Она прожевала какую-то подобранную со стола крошку, потом встала, прошла к комоду, взяла там старый номер «Пикчер пост» и стала перелистывать страницы.
– Если бы ты взялась за ум, Вирджиния, то сделала бы мне большое одолжение. Пока что, честно говоря, ты не более чем балласт. Я прекрасно понимаю, что найдется немало мужчин, которые с радостью примут
– Да, я об этом подумаю.
– И о чем еще ты собираешься подумать, Вирджиния?
– Больше ни о чем.
– Мне вообще интересно, – сказал Пит, – о чем вы с Мэри Саксон говорите?
– Только об одном. О спортсменах-качках.
– Ну ясно, у большинства женщин мозги похожи на кладовку, заваленную всяким хламом. Наверное, по-другому и быть не может.

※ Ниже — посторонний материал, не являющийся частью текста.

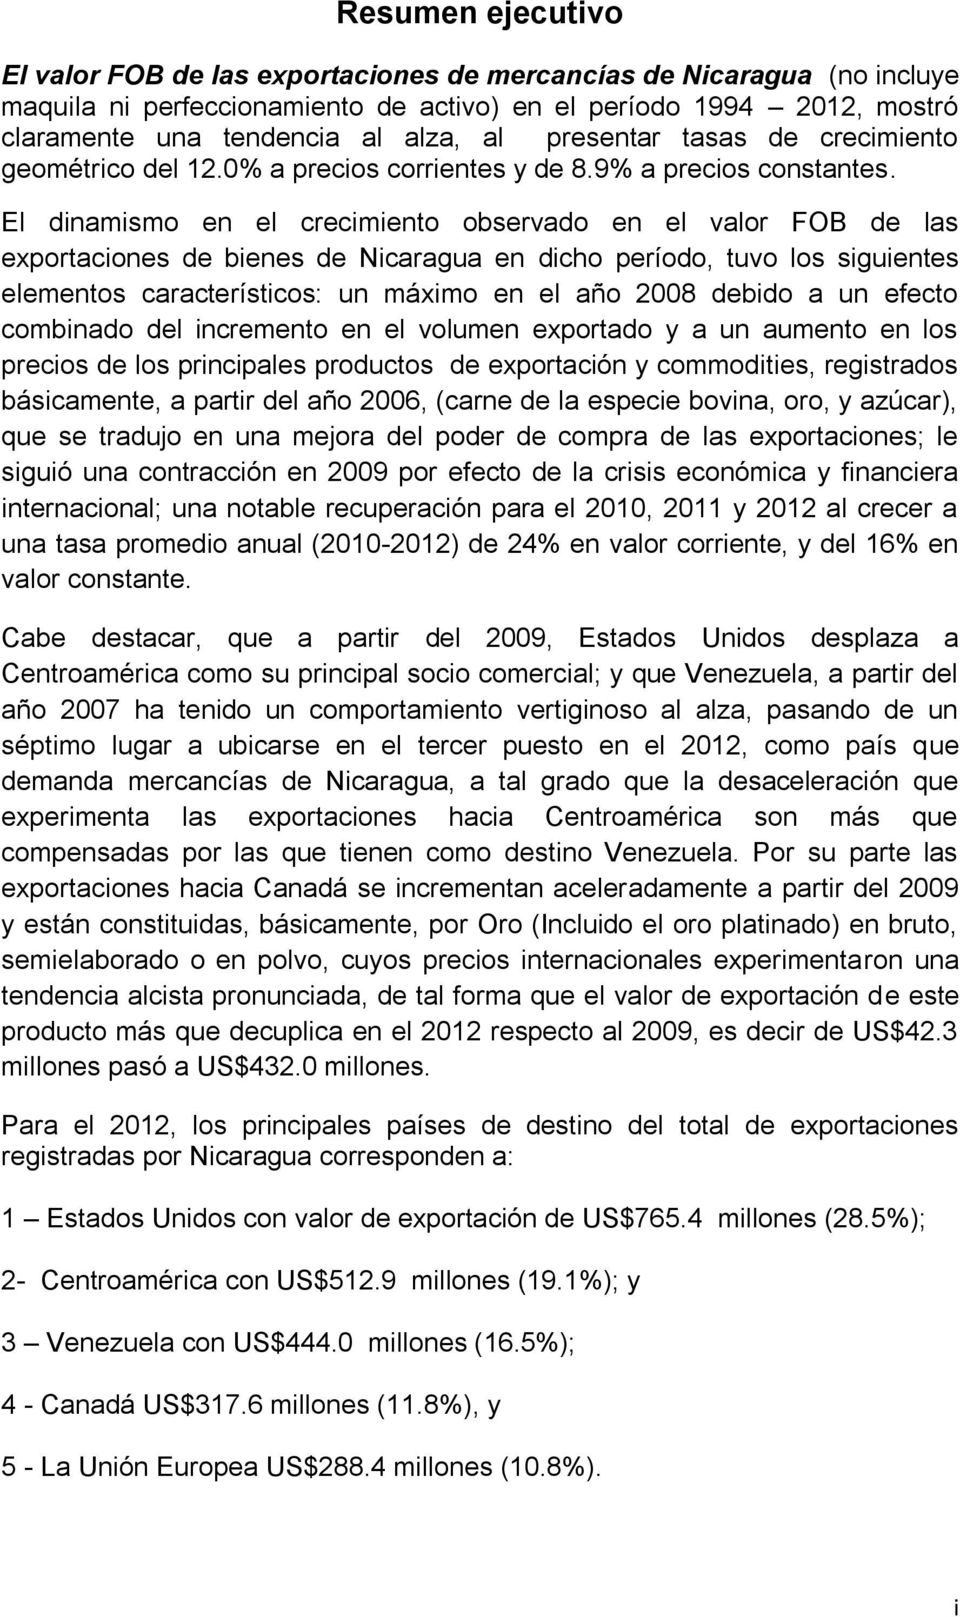 El dinamismo en el crecimiento observado en el valor FOB de las exportaciones de bienes de Nicaragua en dicho período, tuvo los siguientes elementos característicos: un máximo en el año 2008 debido a

Помню, как я в последний раз видел твою Мэри Саксон. Она была в купальнике. Груди у нее так и колыхались, как белье на веревке в ветреный день. Она существует в этих рамках, да и Бог с ней. Вся ее жизнь заключается в непрерывной игре и постоянном щекотании нервов самой себе и окружающим. Именно так она понимает жизнь. Но если ты тоже впадешь в это заблуждение, то я, честно говоря, буду сильно разочарован. Я ведь тебе уже говорил, что твоя красота заключается в другом. Если…
– Пит! Чего ты хочешь? Чего ты хочешь? Чего ты хочешь?
Она бегом пересекла комнату и упала на колени возле него.
– Что я должна сделать? И что я сделала? Пожалуйста! Что я такого сделала? Скажи мне. Скажи.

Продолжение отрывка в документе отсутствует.